**Recorded data**
▼

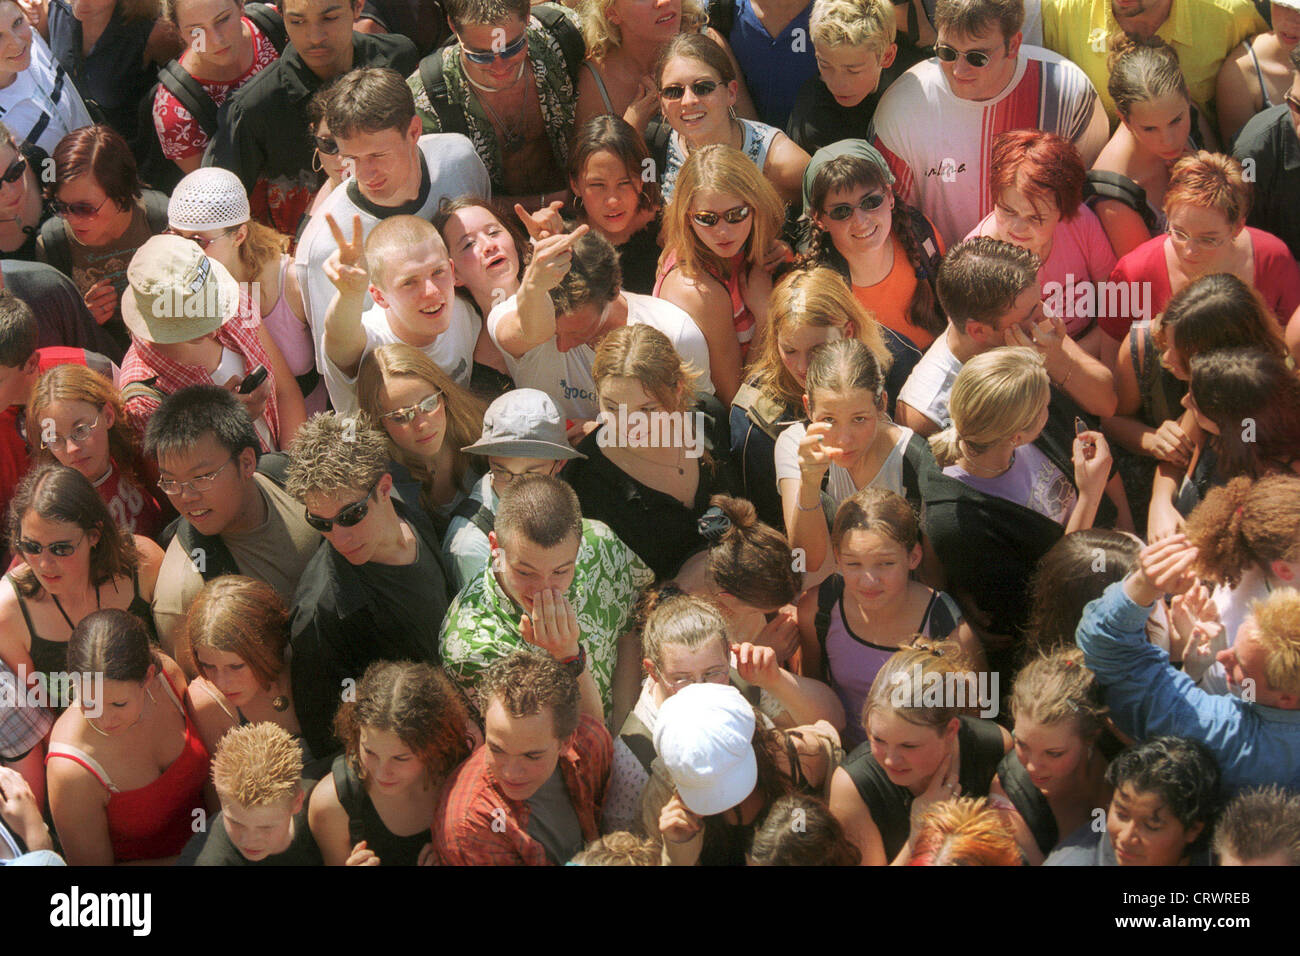 Eine Menschenmenge beim Feiern auf einer Open-Air-Veranstaltung Stockfoto
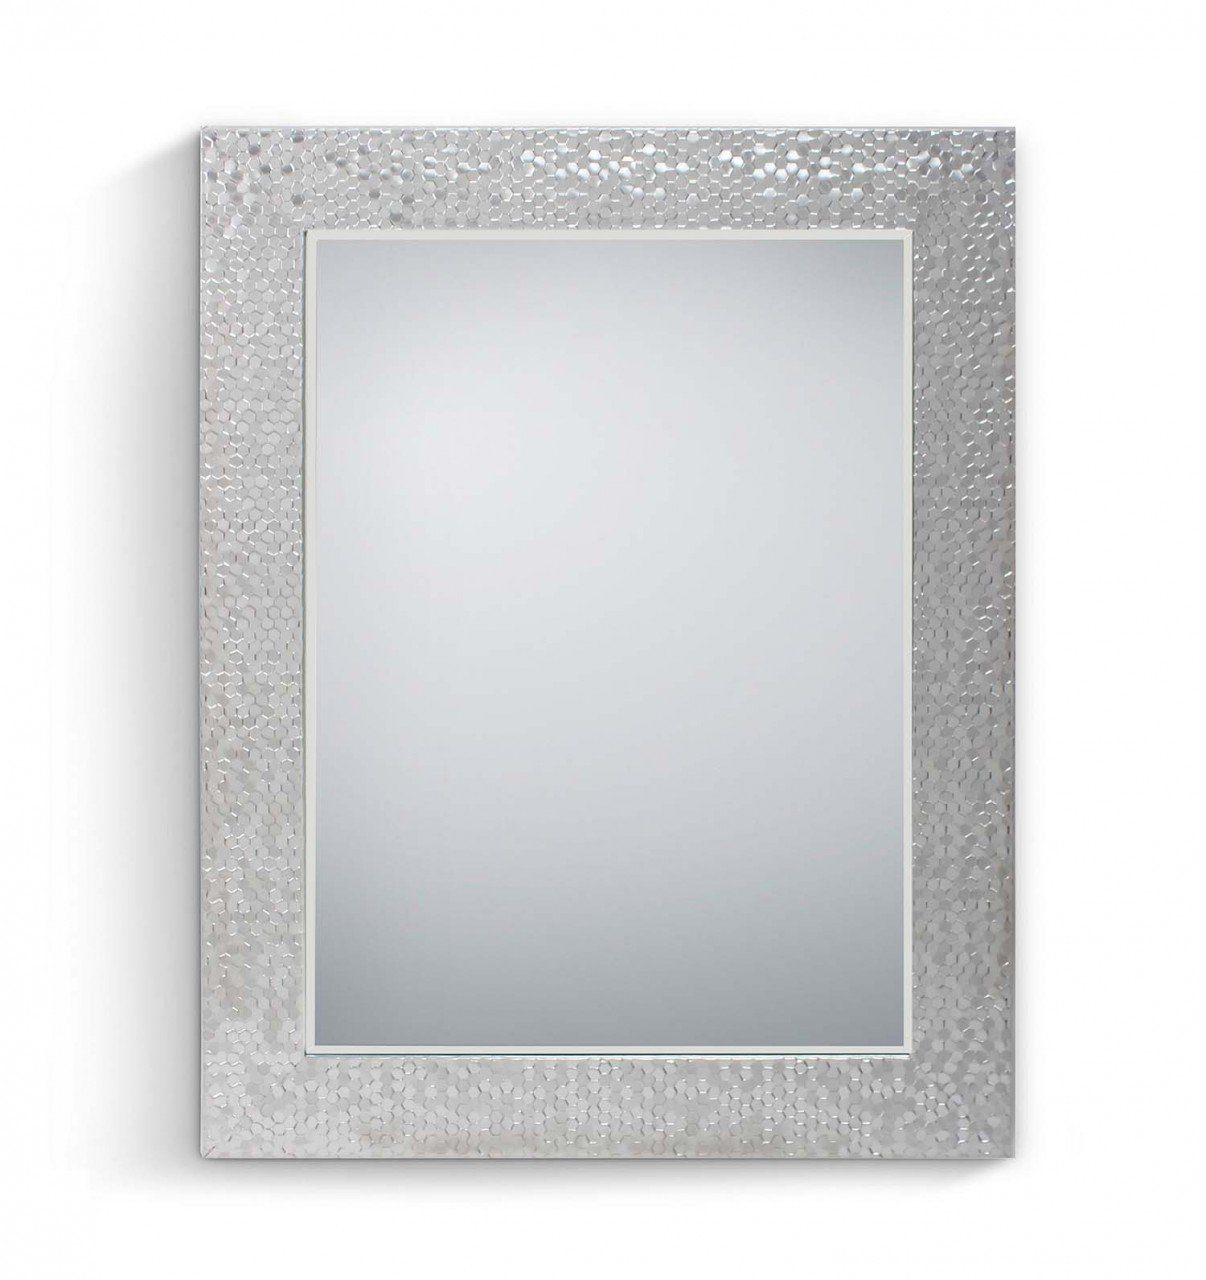 MIRRORS AND MORE Spiegel Alessia Rahmenspiegel Silber silberfarben
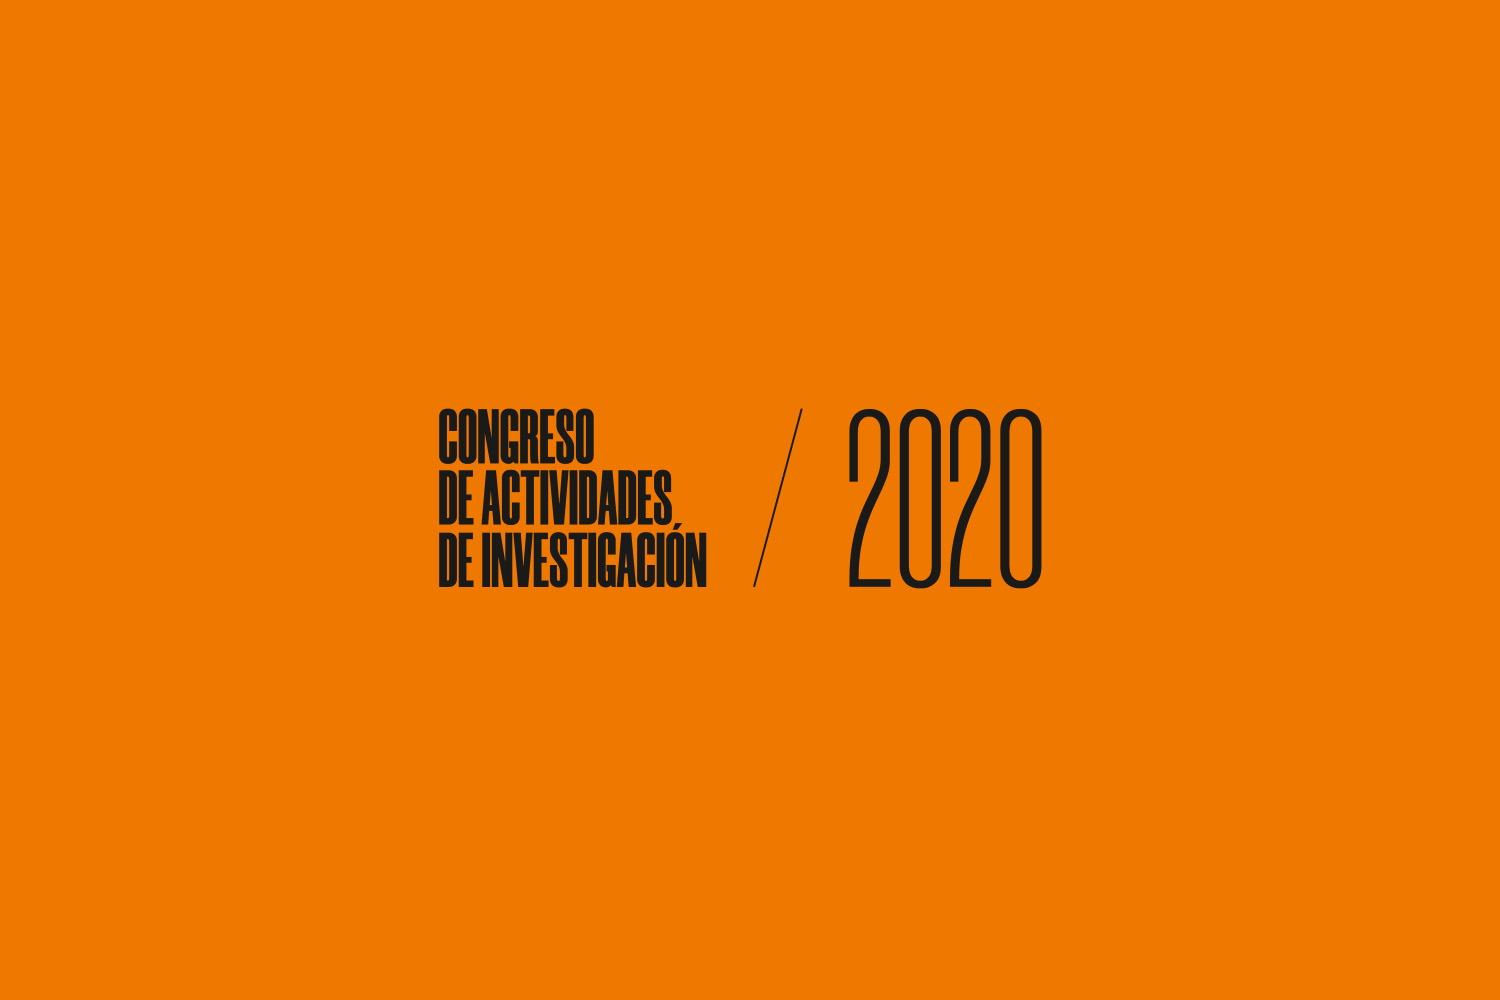 Congreso de actividades de investigación 2020

▲

**Required action**
Leave the images aside and retype each line of the listing above exactly.

**Written answer**
 Eine Menschenmenge beim Feiern auf einer Open-Air-Veranstaltung Stockfoto
 MIRRORS AND MORE Spiegel Alessia Rahmenspiegel Silber silberfarben
 Congreso de actividades de investigación 2020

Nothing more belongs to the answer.